ПИННЕБЕРГУ ВЫСТАВЛЯЮТ КРУЖКУ ПИВА. ОН ИДЕТ ВОРОВАТЬ ЦВЕТЫ И В ЗАКЛЮЧЕНИЕ ГОВОРИТ НЕПРАВДУ СВОЕЙ ОВЕЧКЕ

 

Пиннеберг не стал прощаться с Гейльбутом. Наплевать, пусть обижается. Ему попросту невмоготу дольше слушать эту тягучую, тягостную болтовню, он улизнул.

Он пускается в путь — в долгий путь с восточной окраины Берлина до Альт‑Моабита, в Северо‑Западном районе. Идти на своих двоих вполне его устраивает, ведь до двенадцати еще далеко, да и мелочишку за проезд сэкономишь. Время от времени он мельком думает об Овечке, или о фрау Нотнагель, или о Иенеке — тот скоро станет заведующим отделом, потому что господин Шпанфус, как видно, не особенно жалует Крепелина, — но, в сущности говоря, не думает ни о чем. Так, шагает себе и шагает, заглядывает в витрины, мимо проносятся автобусы, и световые рекламы такие красивые, и в голове нет‑нет да мелькнет: «Она ведь женщина, разума у нее нет». Так, кажется, сказал Бергман? Что он понимает, этот Бергман. Вот если бы он знал Овечку!

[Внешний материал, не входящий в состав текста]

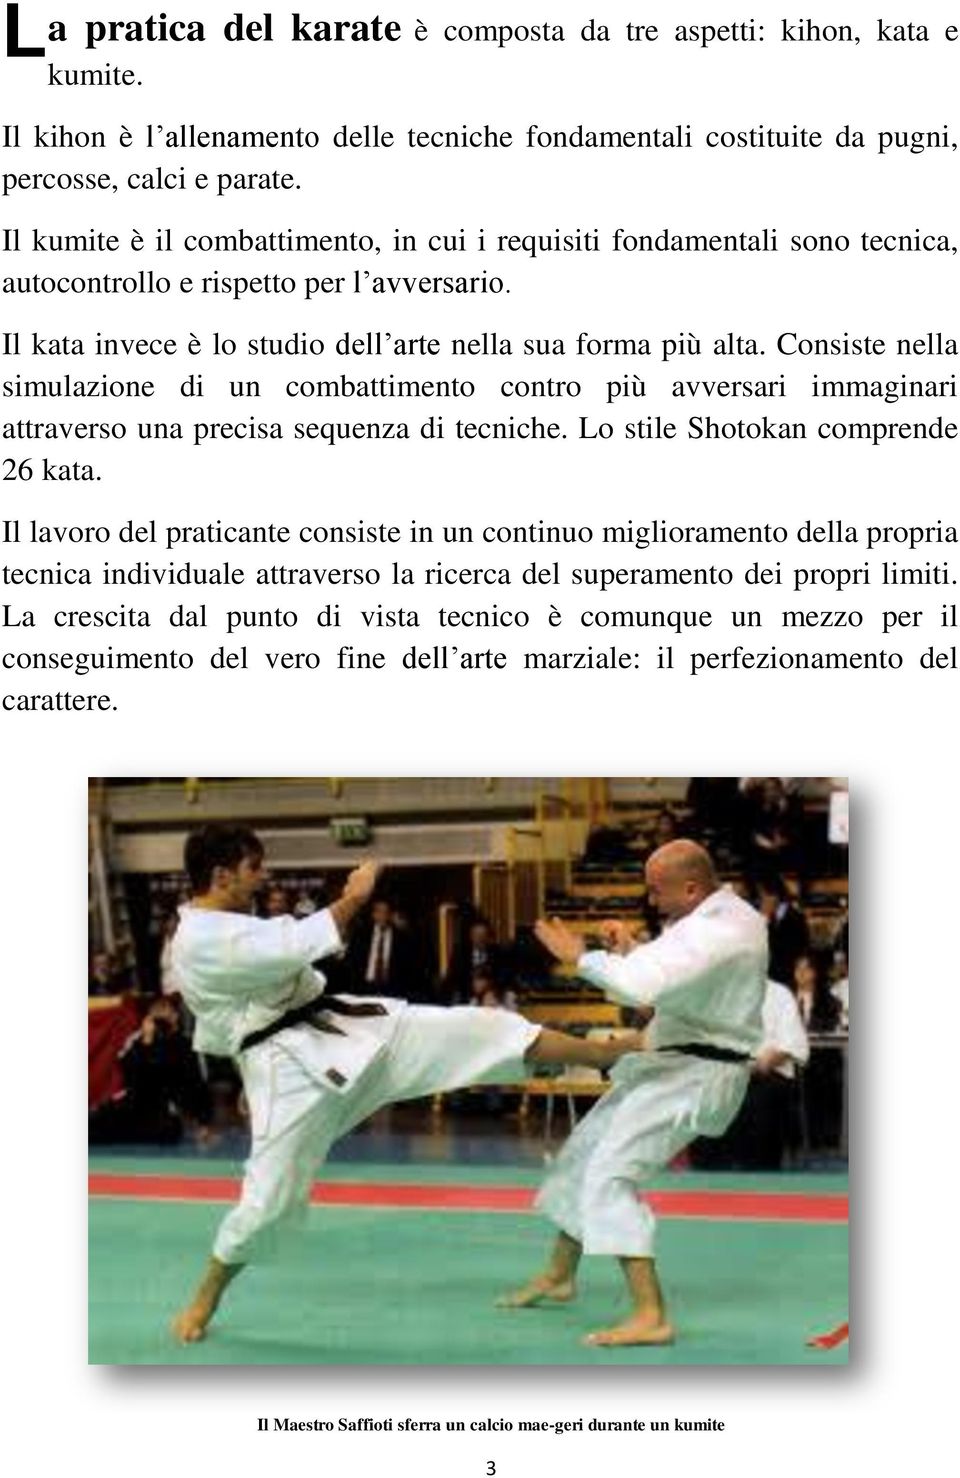 Consiste nella simulazione di un combattimento contro più avversari immaginari attraverso una precisa sequenza di tecniche. Lo stile Shotokan comprende 26 kata.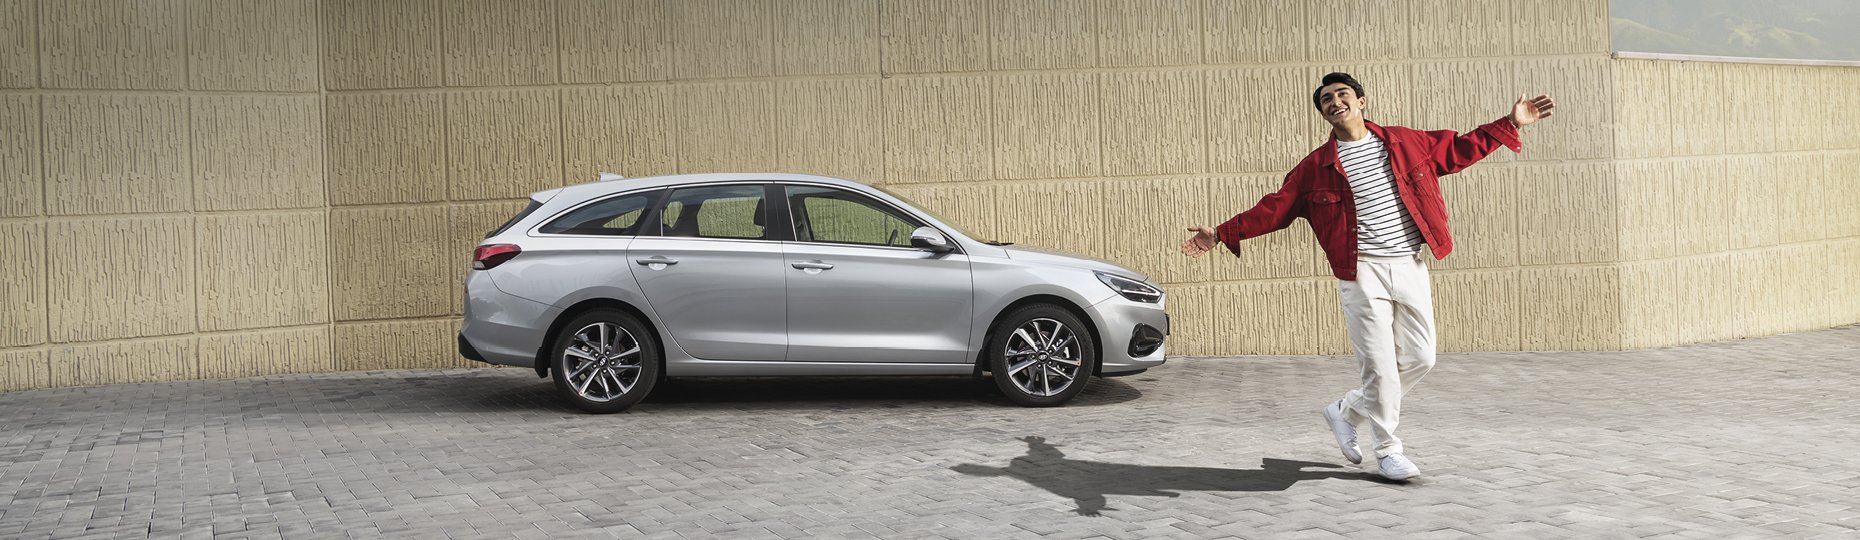 Безопасность новой Hyundai i30 | Официальный дилер в Астане

Так он шагает, и когда приходит в Альт‑Моабит, уже половина двенадцатого. Он осматривается, откуда бы позвонить подешевле, но потом все же заходит в ближайшую пивную и спрашивает кружку пива. Он будет пить ее медленно‑медленно, выкурит пару сигарет и потом только пойдет звонить, потому что как раз тогда истекут остающиеся до полуночи полчаса.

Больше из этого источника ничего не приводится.